There are two parts to the answer. The first is that the legal charge to fiduciaries is to act prudently. The guiding principle comes down from the ruling by Judge Putnam in 1830 in Harvard vs. Amory, where Harvard lost the case because it did not act prudently. “Prudently” was defined as how other men of intelligence and prudence would have acted in their own accounts. In effect this set up peer-focused comparisons. This was the intellectual foundation of the Lipper Mutual Fund Performance Analysis, which made money by creating appropriate fund peer groups and measuring performance for mutual fund directors. Thus, a fiduciary that is doing approximately the same thing as his/her peers, is being prudent whether the account is going up or down in value. While this prudence fulfills the minimum requirements and answers the career-risk issue for trustees and investment managers, it does nothing to fulfill the desires of the client. The non-profit needs to pay operating expenses and occasionally capital expenses, therefore it may not be well-served by “prudently” losing money. Why then are some individuals better able to produce results than the combined brain power of a group of the worthies?

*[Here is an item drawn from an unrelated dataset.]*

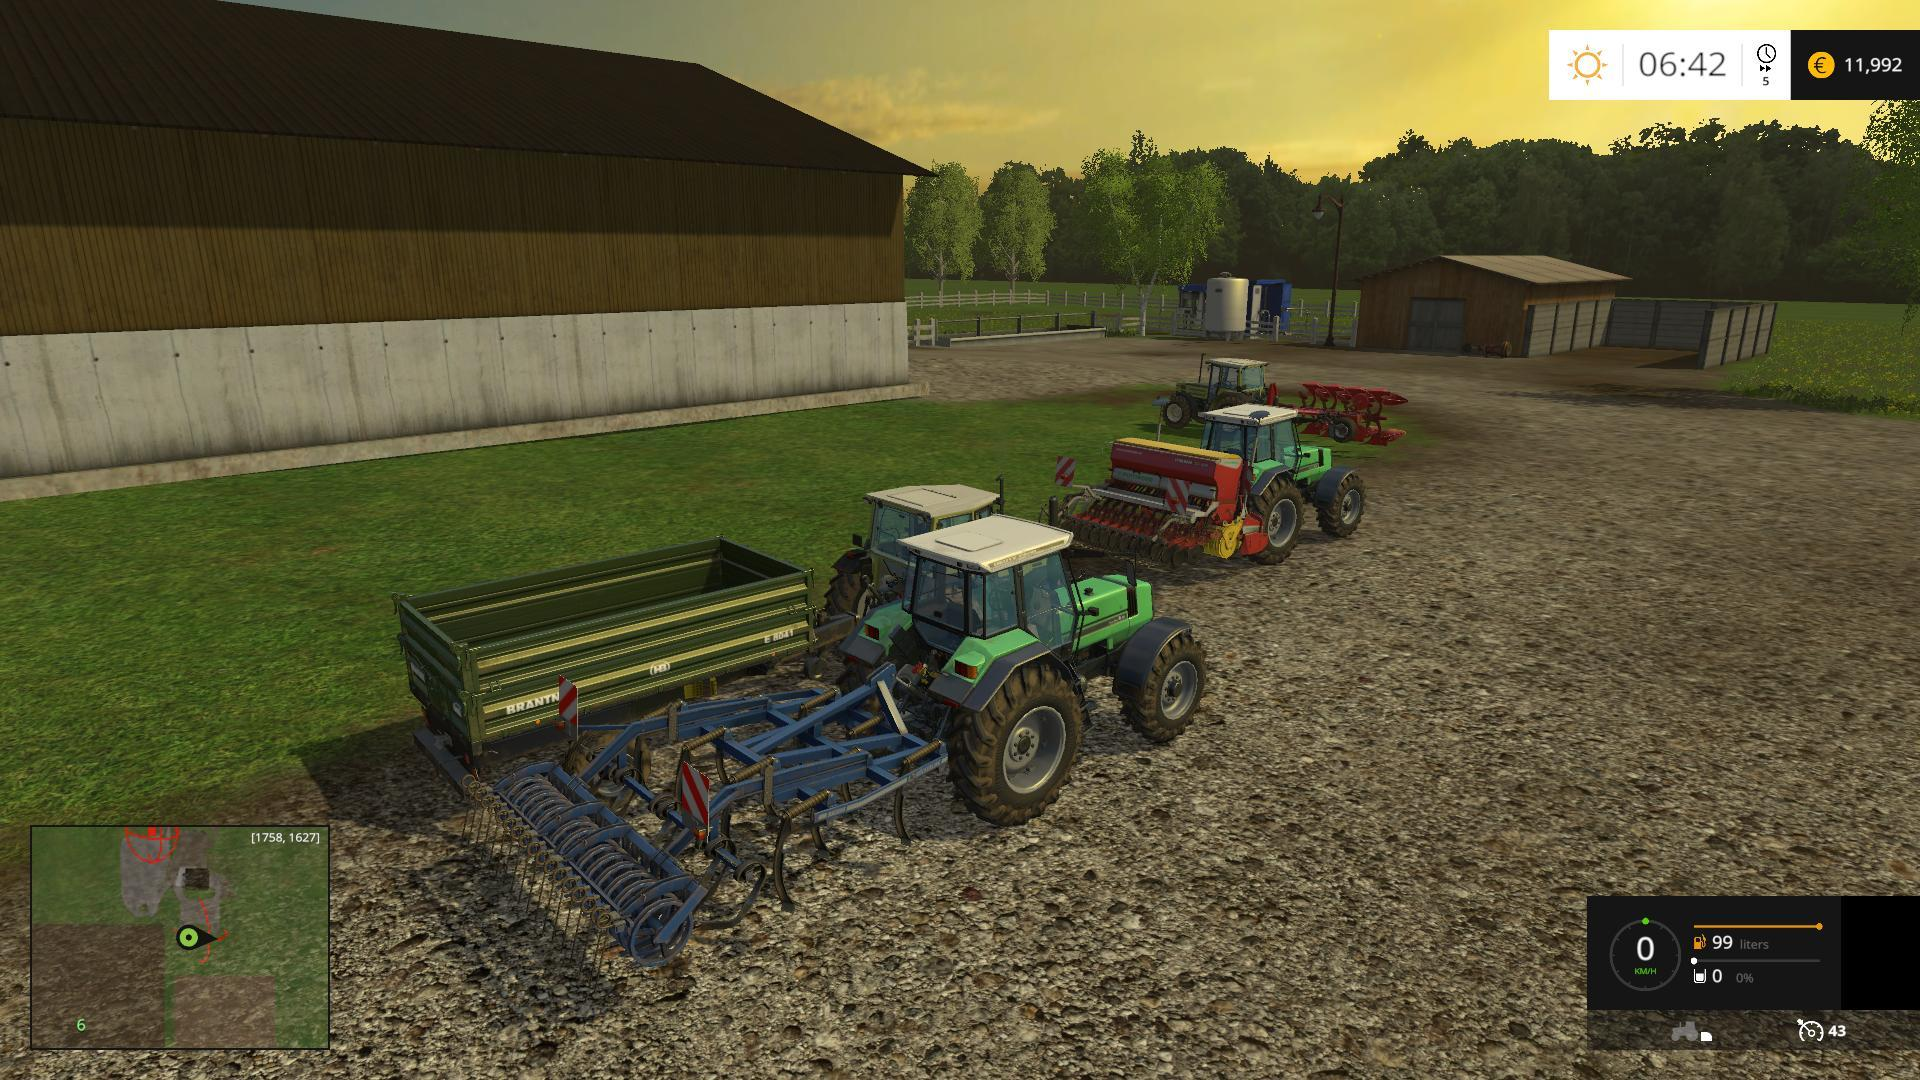 The best way to make money in farming simulator 2013 indir
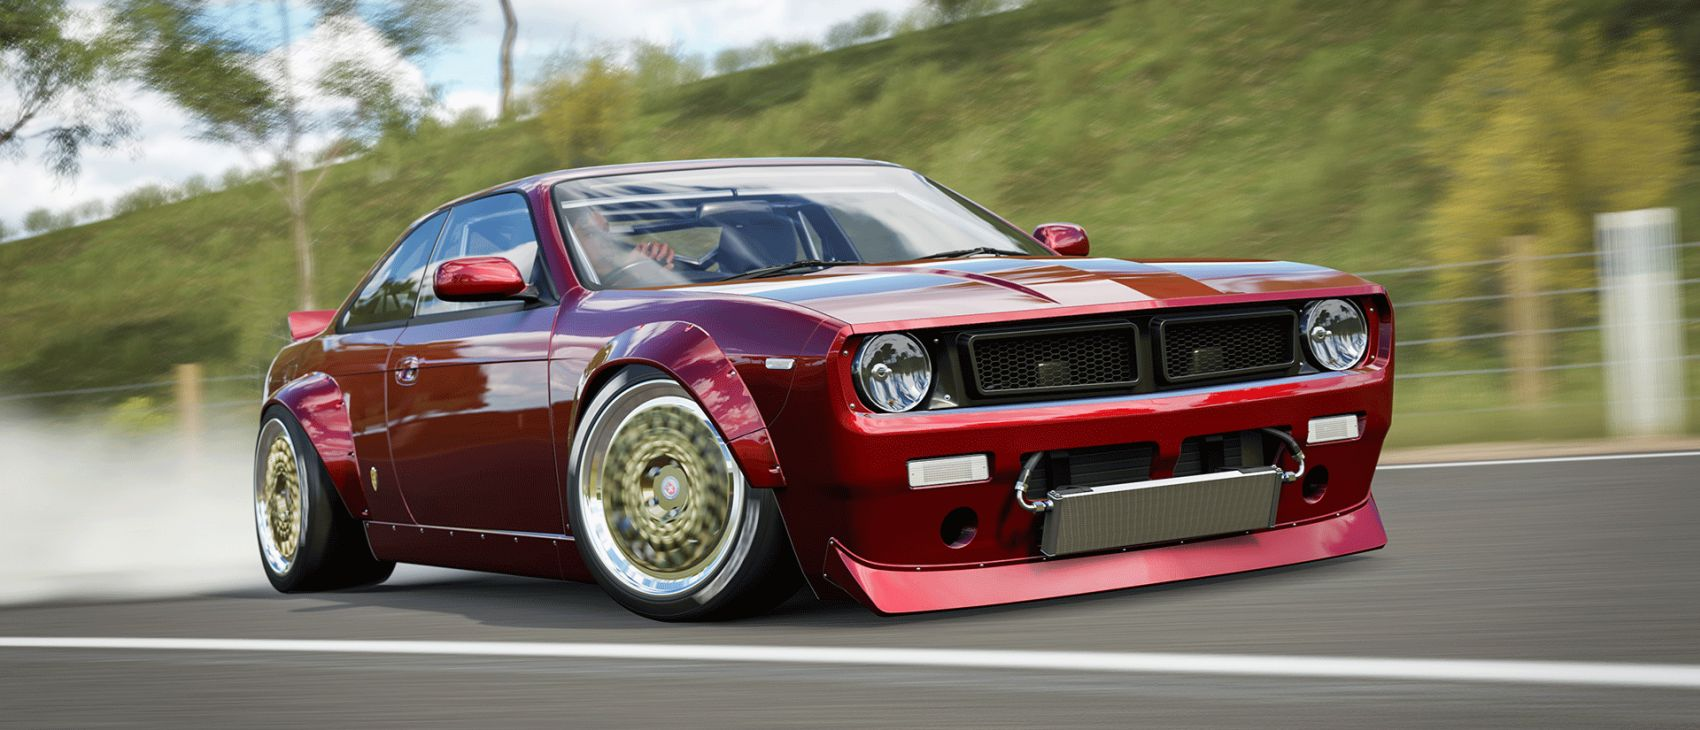 Alpinestars Car Pack brings seven new cars to Forza Horizon 3, and

The second answer is best summed up in a quote that Jeremy uses from Warren Buffet. “The central principle of investment is to go contrary to the general opinion, on the grounds that if everyone agreed about its merits, the investment is inevitably too dear and therefore unattractive.” The very function of an investment committee leads to prudent actions. I am currently chair of three different investment committees. I find that after an informed, polite discussion, a consensus is formed which rarely calls for taking an extreme action. Members of all of my committees are well-meaning people who have volunteered their time (and quite often their capital) to the institution. We almost never have the sharp disagreements that often occur within corporate or family partnerships. I wonder whether the pleasant decisions are of the same quality as the more intense discussions?

Individual vs. Group Decisions

I believe that Warren Buffet would suggest that at critical turning points, an individual’s decision-making is better than even an intelligent group decision process. Buffett might even favor a strong personality over an agreeable one. I know that trustees that do not ask the tough questions are not acting in the long term best interest of their institutions. They should find their friends elsewhere.